Claim 4 is rejected under 35 U.S.C. 112(b) or 35 U.S.C. 112 (pre-AIA ), second paragraph, as being indefinite for failing to particularly point out and distinctly claim the subject matter which the inventor or a joint inventor (or for applications subject to pre-AIA 35 U.S.C. 112, the applicant), regards as the invention.
Claim 4 recites, “wherein the actual layer thickness value or the predicted actual layer thickness value per position essentially (±20%, ±10%, ±5%, ±3%, ±1%) corresponds to the set layer thickness value per position.”
The scope of the claim is unclear because the claim recites a plurality of alternative percentage values “(±20%, ±10%, ±5%, ±3%, ±1%)” without specifying which percentage value defines the claimed relationship between the actual layer thickness value (or predicted actual layer thickness value) and the set layer thickness value. It is therefore unclear whether the claim encompasses correspondence within ±20%, ±10%, ±5%, ±3%, ±1%, or some other interpretation of the recited percentages. Accordingly, one of ordinary skill in the art would not be reasonably apprised of the metes and bounds of the claimed invention. Applicant is required to amend the claim to clearly define the intended tolerance or otherwise clarify the meaning of the recited percentage values.

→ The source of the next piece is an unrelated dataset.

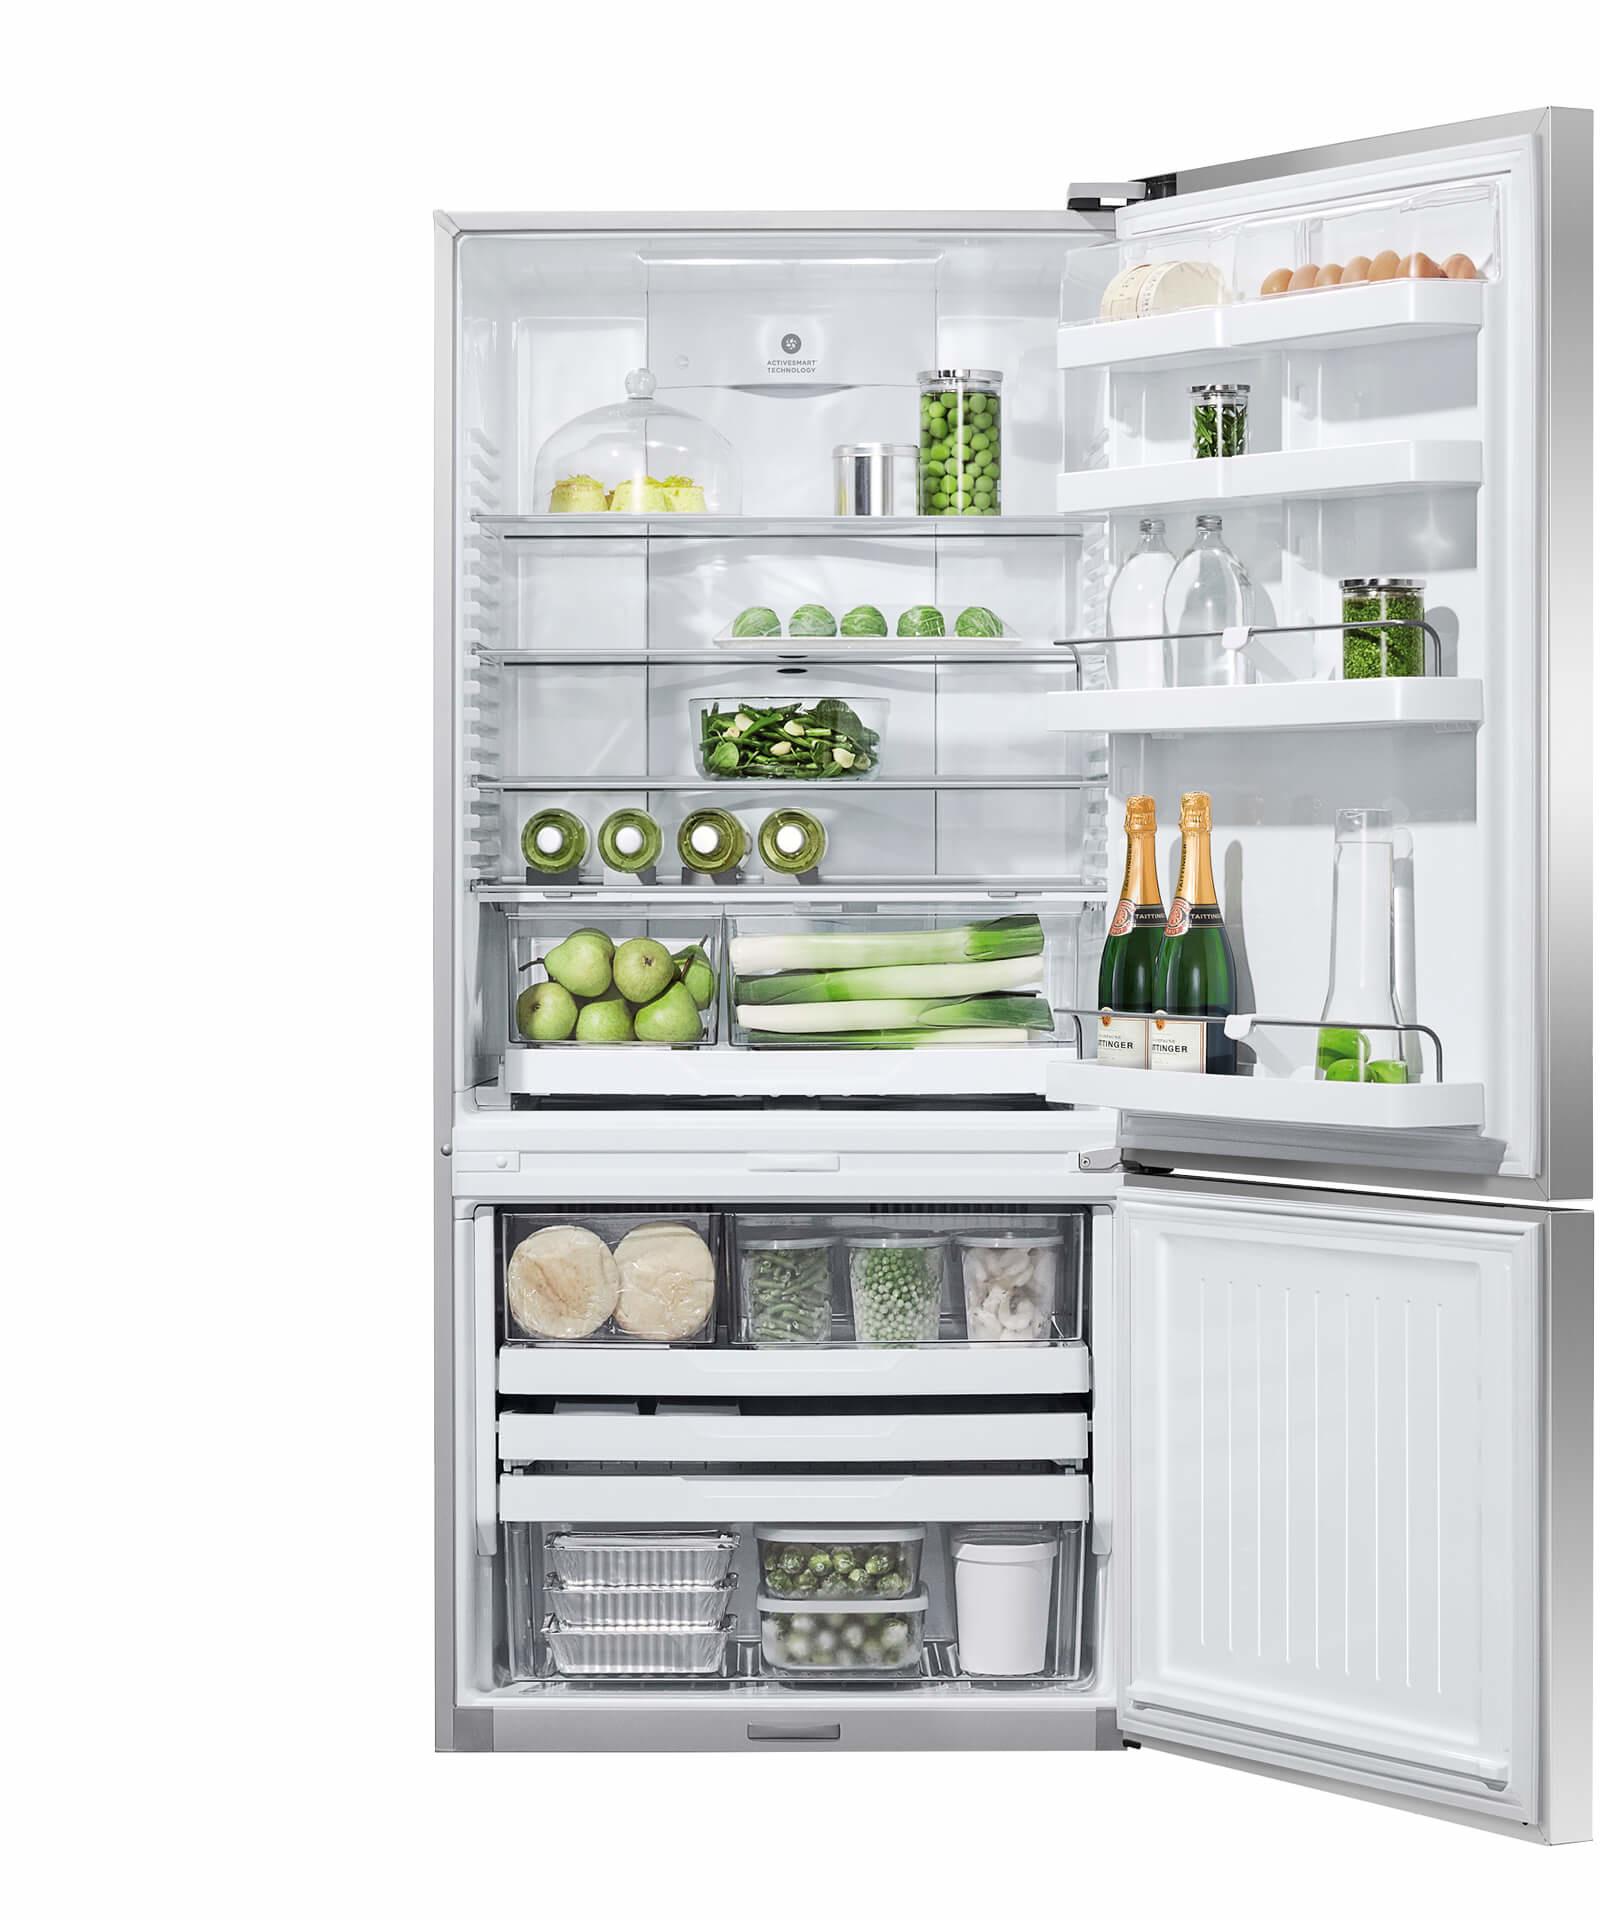 Fishder & Paykel Fridge Freezer 519L (Factory Second)

Claim Rejections - 35 USC § 103
In the event the determination of the status of the application as subject to AIA 35 U.S.C. 102 and 103 (or as subject to pre-AIA 35 U.S.C. 102 and 103) is incorrect, any correction of the statutory basis (i.e., changing from AIA to pre-AIA ) for the rejection will not be considered a new ground of rejection if the prior art relied upon, and the rationale supporting the rejection, would be the same under either status.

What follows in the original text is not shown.